Further enrichment analysis of gastric cancer differential genes found that gastric cancer tissues had significant differences in molecular characteristics and biological behavior, especially some genes related to the tumor microenvironment, from normal tissues. On the one hand, the gastric cancer differential genes are functionally concentrated in the extracellular matrix, collagen metabolism, cell adhesion and other biological processes. Ecm is composed of structural substances and functional macromolecular complexes, and plays a key role in the functional stabilization of cell and tissue structures22,23. Ecm is produced by cell secretion, In turn, it regulates cell proliferation, metastasis, and invasion. As a transmembrane glycoprotein, integrin is an important molecule of the cell–ecm network, not only regulating cell–ecm function, but also related to cell signaling. Collagen is the main component of the extracellular matrix. For components, studies have found that type IV collagen induces the migration and adhesion of melanoma and breast cancer cells through α1, β1, and α3β1 integrin, and promotes tumor metastasis24.

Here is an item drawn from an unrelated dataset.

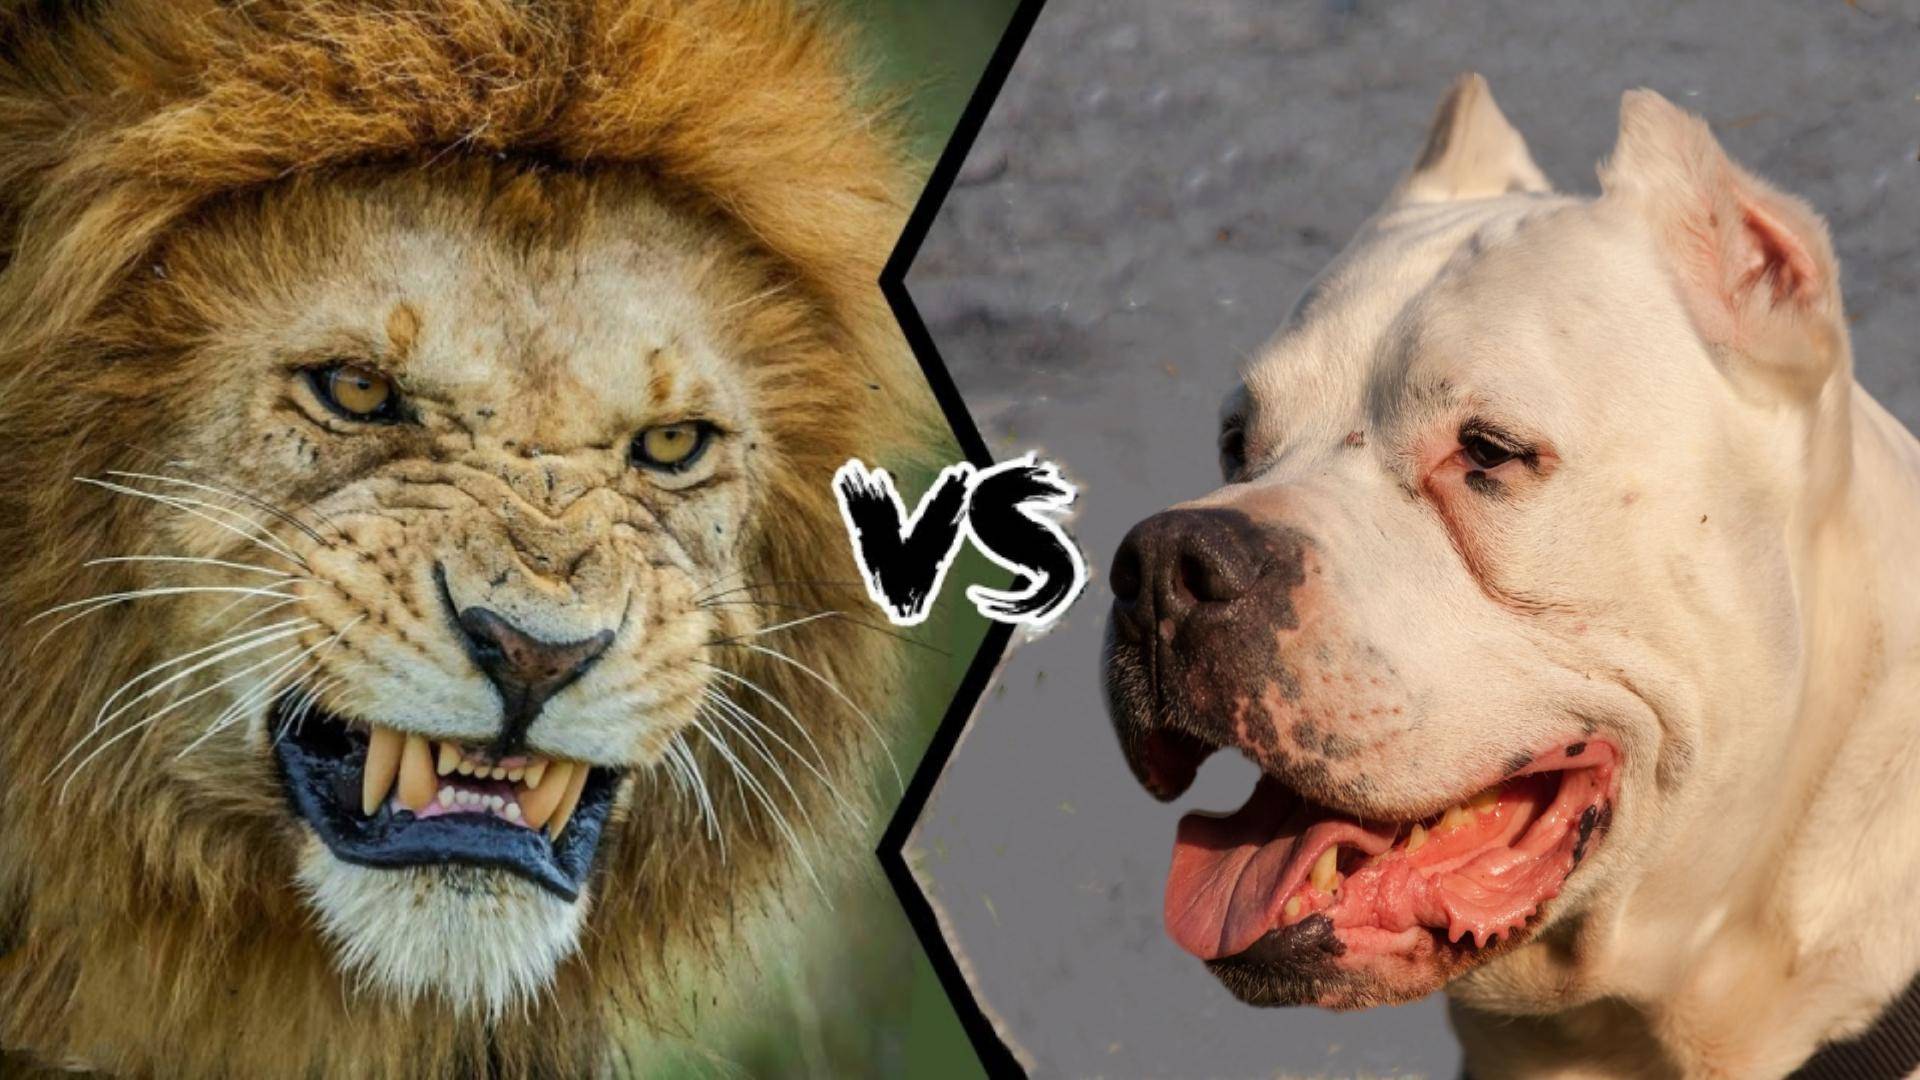 狮子vs杜高犬,若猫科一哥和犬科二弟单挑,谁会笑到最后呢?

On the other hand, studies have found that gastric cancer differential genes are mainly concentrated in extracellular matrix receptor interactions, focal adhesions, PI3K-AKT and other signal pathways. Among them, focal adhesions can transmit cell adhesion signals and regulate the reorganization of the cytoskeleton. For example, tumor angiogenesis and metastasis play an important role25. The PI3K-AKT signaling pathway plays an important role in the regulation of cell growth, protein translation, and apoptosis26. A recent phase II clinical trial investigated AKT inhibition agent ipatasertib combined with paclitaxel in the treatment of triple-negative breast cancer can prolong the progression-free survival of patients27. Therefore, the enrichment signal pathways in this study are closely related to the metastasis and growth of cancer cells, reflecting the obvious gastric cancer tissue. The pathological changes of cancer also suggest the feasibility of targeted therapy for gastric cancer based on the above signal pathways.

Conclusion

To sum up, this study used multiple bioinformatics methods to examine the differences in gene expression and biological processes between gastric cancer tissues and normal tissues from multiple angles. From the genetic level, we explored the malignant mechanism of gastric cancer and potential therapeutic targets. At the same time, the preliminary exploration of the regulation and interaction network of key proteins of gastric cancer provides a biological basis and data support for the precise treatment of gastric cancer.